From proof of concept to production with Tanzu GemFire

Facing significant problems from legacy UNIX servers and RDBMS, the organization recognized the need to overcome architecture hurdles while gaining continuous availability, scale, and extreme performance. The IISI team created a proof of concept (POC) and demonstrated several advantages with GemFire:

  • Insights into critical business questions
  • Training for key analysts
  • Conversion of existing models

The vice director oversaw the process from POC to production and shared, “First, [Tanzu] GemFire offered proof in a realistic test environment and pilot as the existing site experienced many issues for Spring Festival in January of 2012. At that time, we began using [Tanzu] GemFire to optimize and improve ticket availability inquiries. For the October 2012 National Holiday, we saw improvements in this part of the architecture while other issues remained. So, we started a second [Tanzu] GemFire project to improve order processing. For the January 2013 Spring Festival, we saw order processing improve, and outstanding issues were caused by specialized plug-in browsers that are now blocked. As seen in the most recent National Holiday for 2013, the system is operating with solid performance and uptime. Now, we have a reliable, economically sound production system that supports record volumes and has room to grow.”

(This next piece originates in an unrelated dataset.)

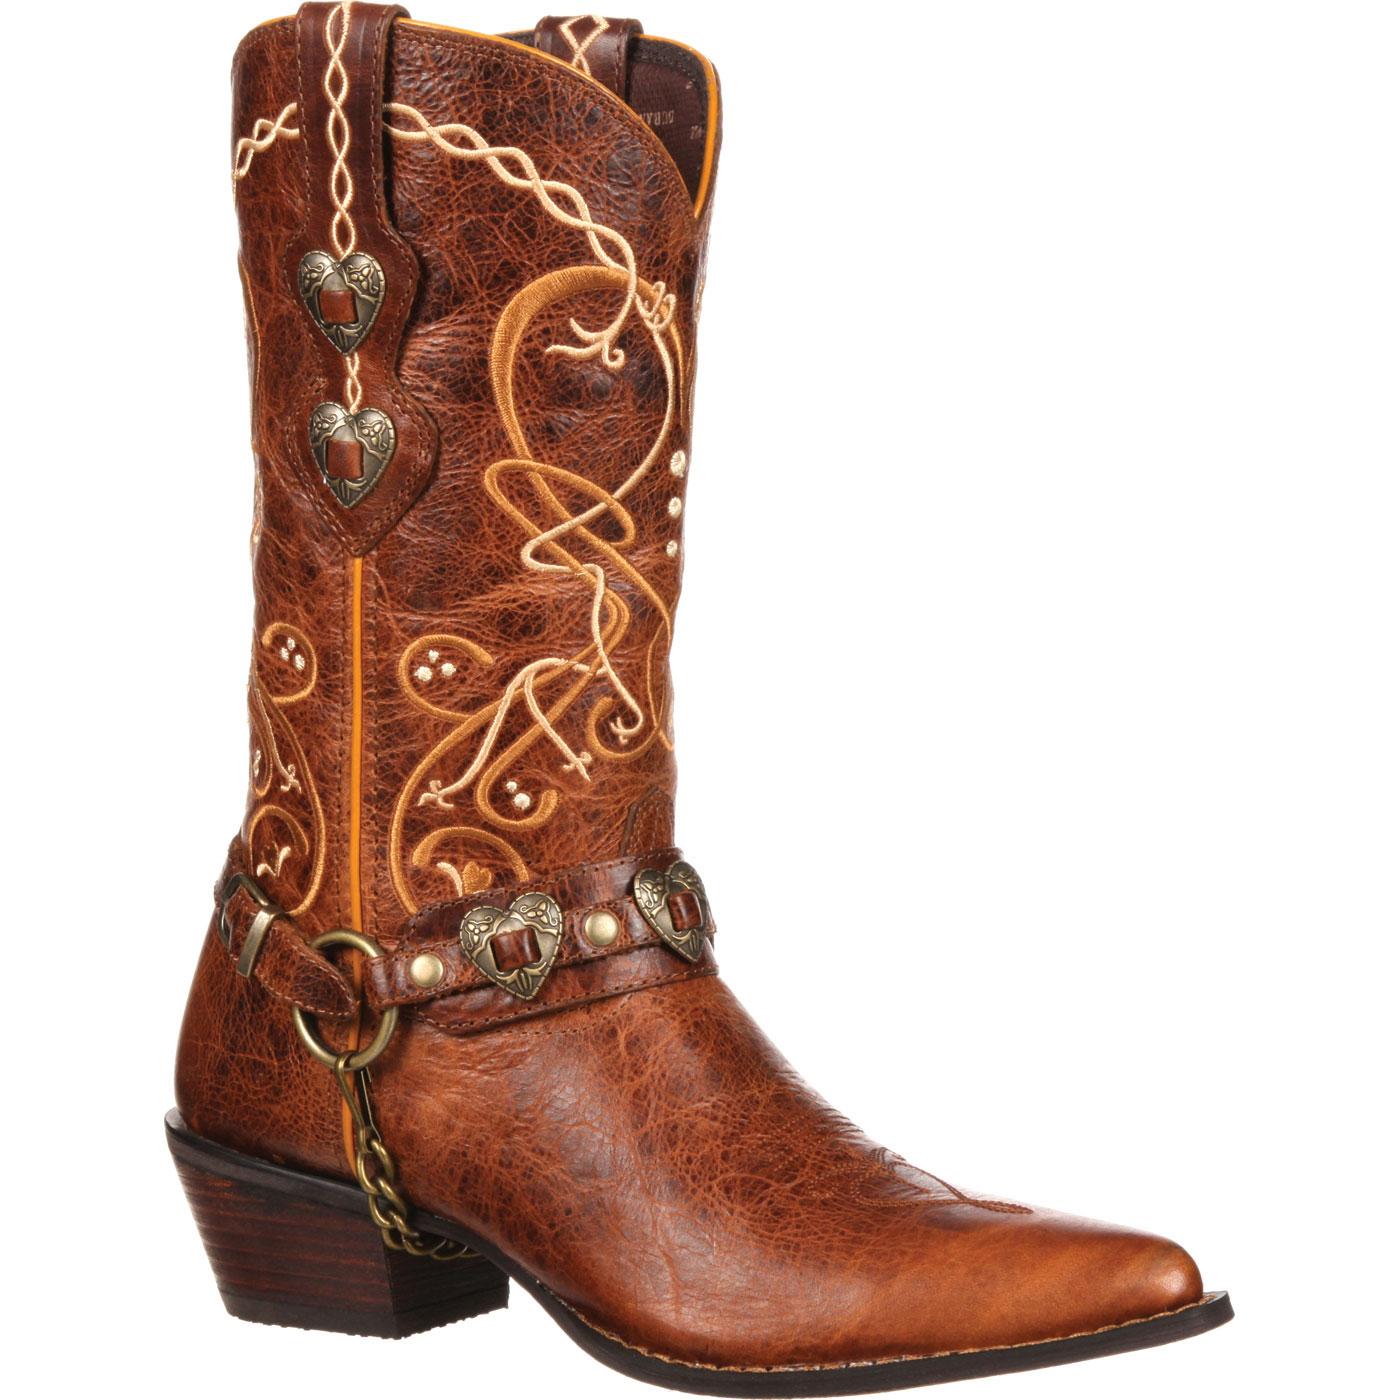 Durango® Boot: Women's 2 Pair Leather Accessory Boot Straps

Today, the system runs on 10 primary x86 servers with more than 2 terabytes of memory, and there are 10 backup servers—this has replaced the 72 UNIX boxes and traditional RDBMS with a more efficient, cost-effective approach.

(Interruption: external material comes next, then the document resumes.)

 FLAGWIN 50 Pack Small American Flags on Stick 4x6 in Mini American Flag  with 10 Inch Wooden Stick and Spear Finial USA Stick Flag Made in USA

High performance and continuous uptime

GemFire stores data in memory, and manages partitioning and distributed transactions across China Railway’s servers. GemFire easily handles thousands of transactions per second and, while it can act as a cache to mission-critical databases and mainframes, China Railway Corporation used it to completely replace their traditional RDBMS.

The system is operating with solid performance and uptime. Now, we have a reliable, economically sound production system that supports record volumes and has room to grow.”
Dr. Jiansheng Zhu, Vice Director, China Academy of Railway Sciences

On-demand scale for data

With a forecast of growth, GemFire allows member nodes to be added to the system as needed and can scale from 10 to thousands of commodity computers at near-linear response rates. While there is a lot of flexibility in designing data distribution, GemFire automatically redistributes data to new nodes as they are brought online. Importantly, there is no need for applications to be aware of the data distribution strategy, and code does not have to be updated when nodes are added.

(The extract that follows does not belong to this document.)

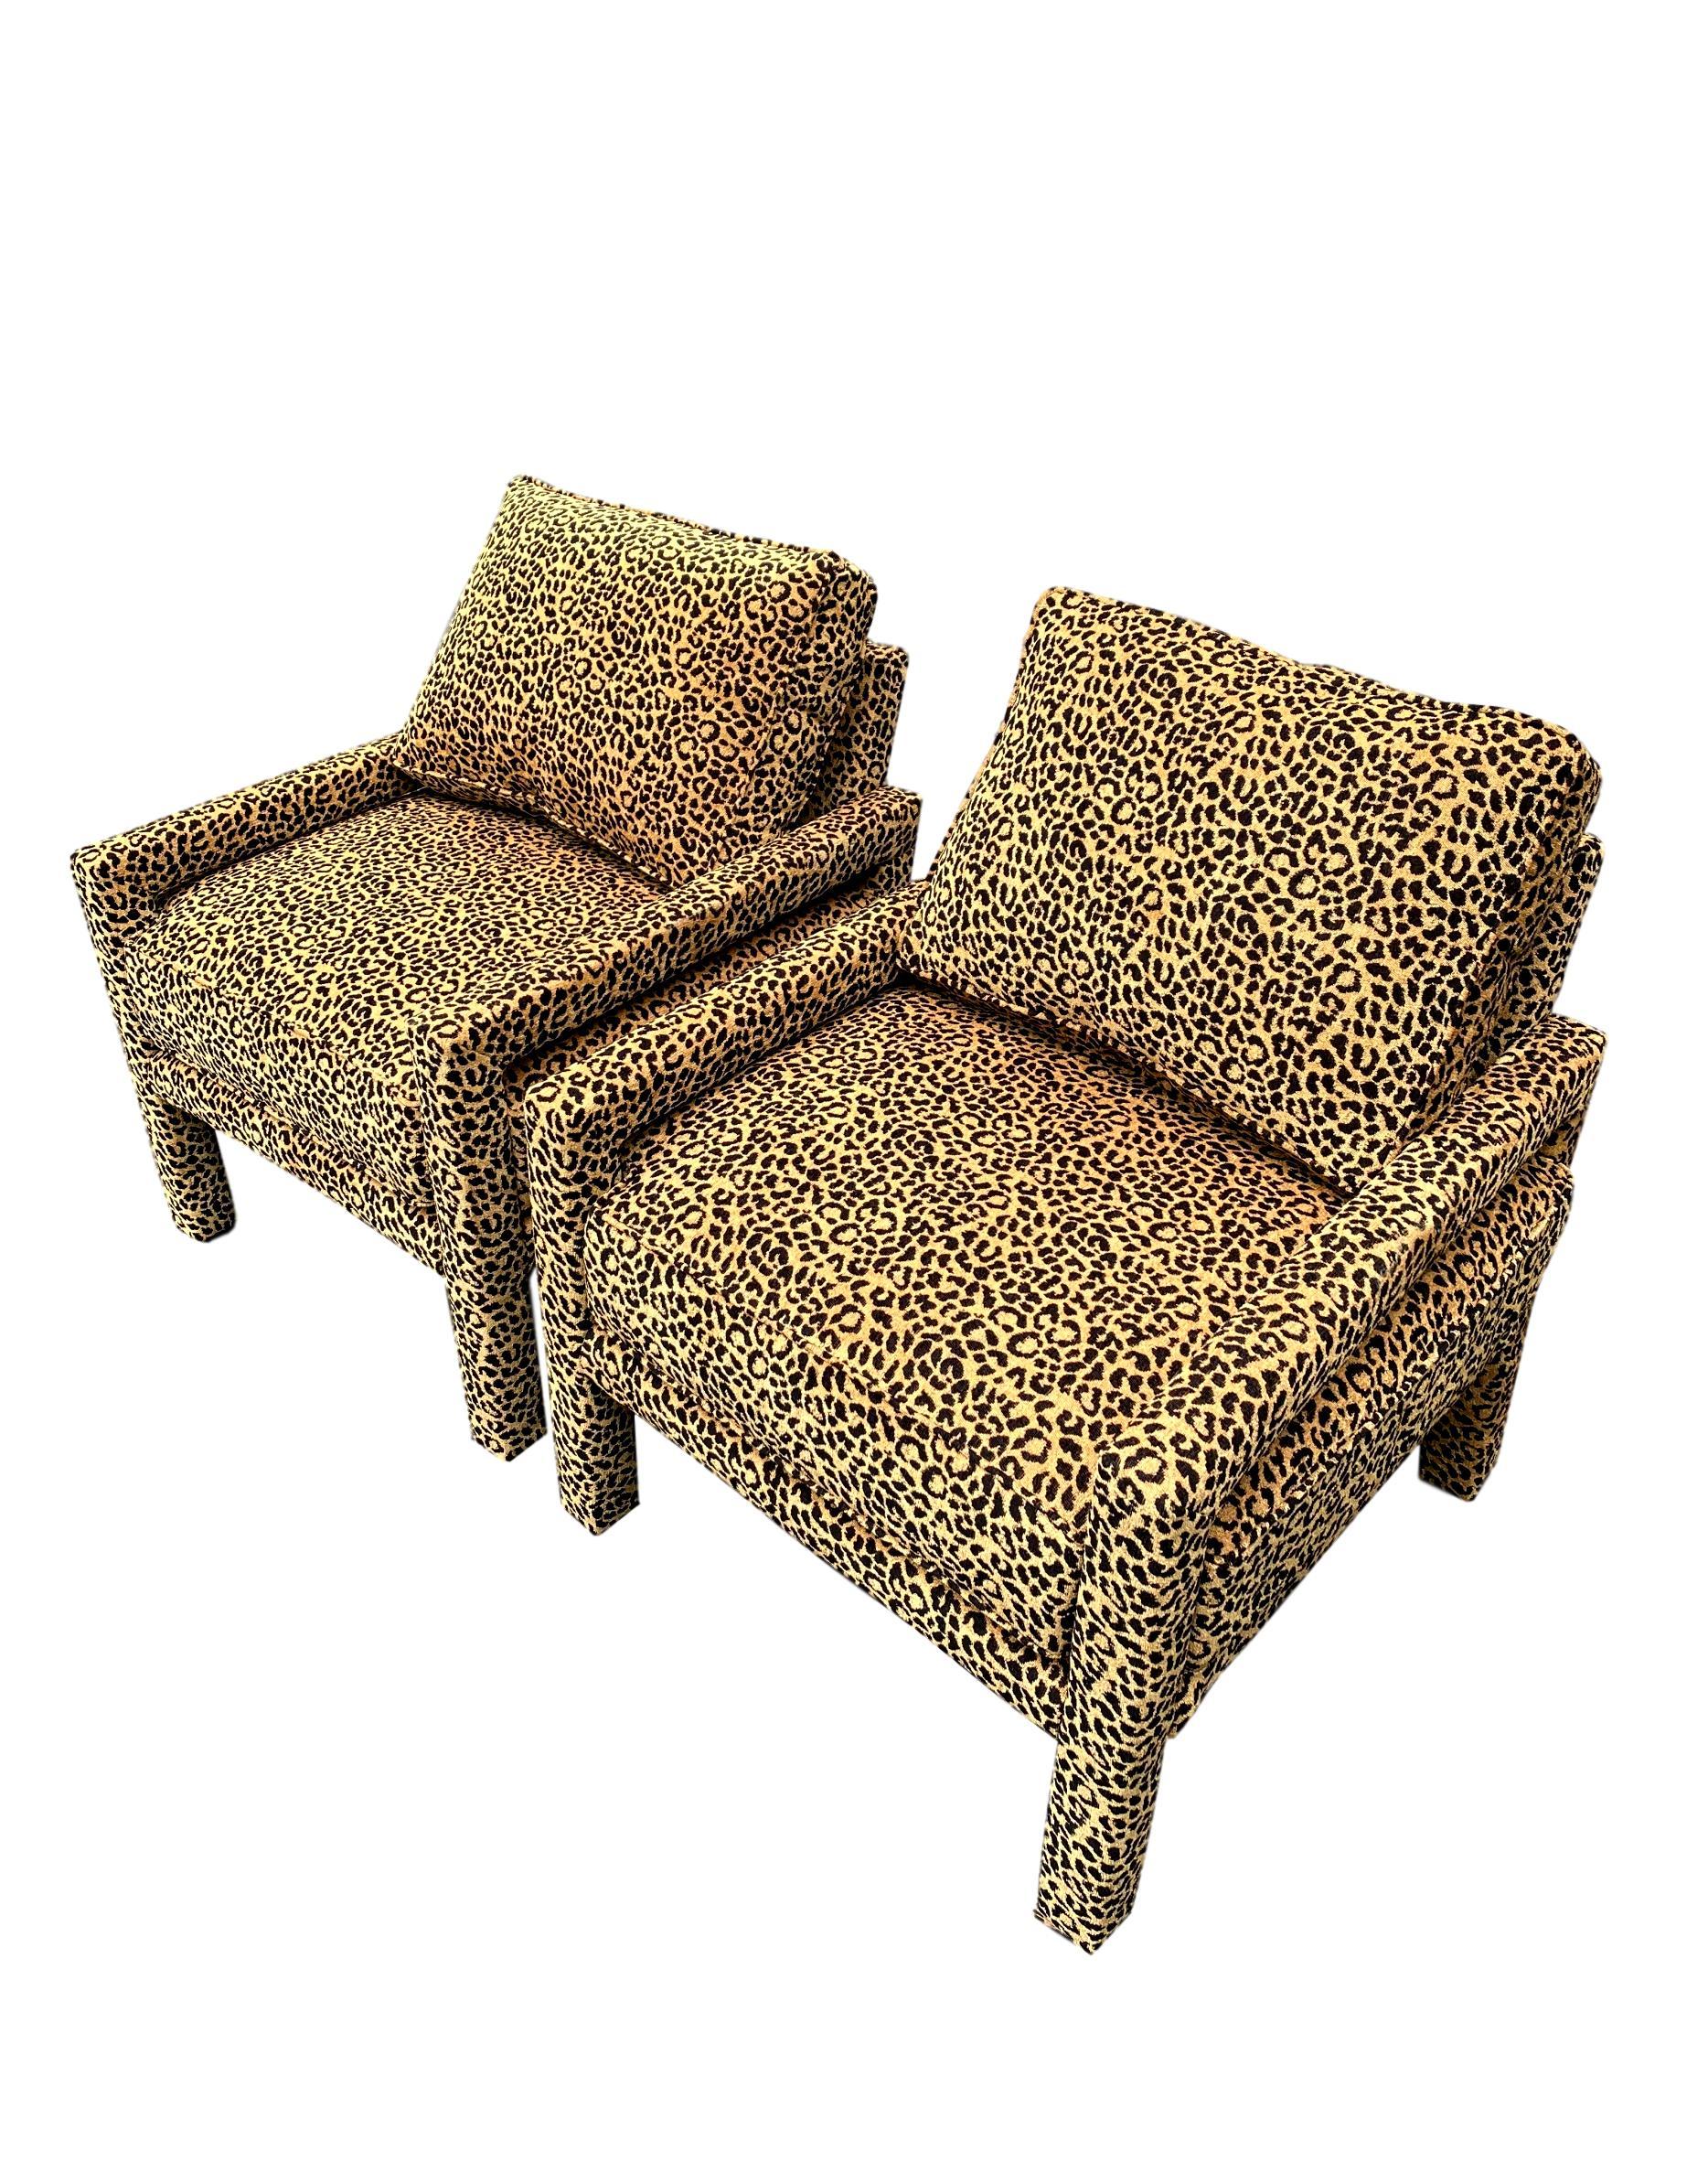 American Pair of New Milo Baughman Style Iconic Parsons Chairs in Leopard Chenille

Increased developer productivity

The team realized several benefits from developing with GemFire. In addition to the fact that it offers access through C++, C#, Java and REST (via a familiar hash map type of interface, Spring Data), GemFire accelerates development by providing repositories, declarative namespace support, annotations, continuous query support, and project templates.


Conclusion

In conjunction with IISI, GemFire has provided China Railway Corporation with a way to maintain high levels of performance, scale to meet SLAs, and deliver cost-effective solutions while keeping developers productive. In the future, China Railway hopes to store more than a single month of ticket data in GemFire by using Hadoop within the architecture to store as much as 10–20 times more information.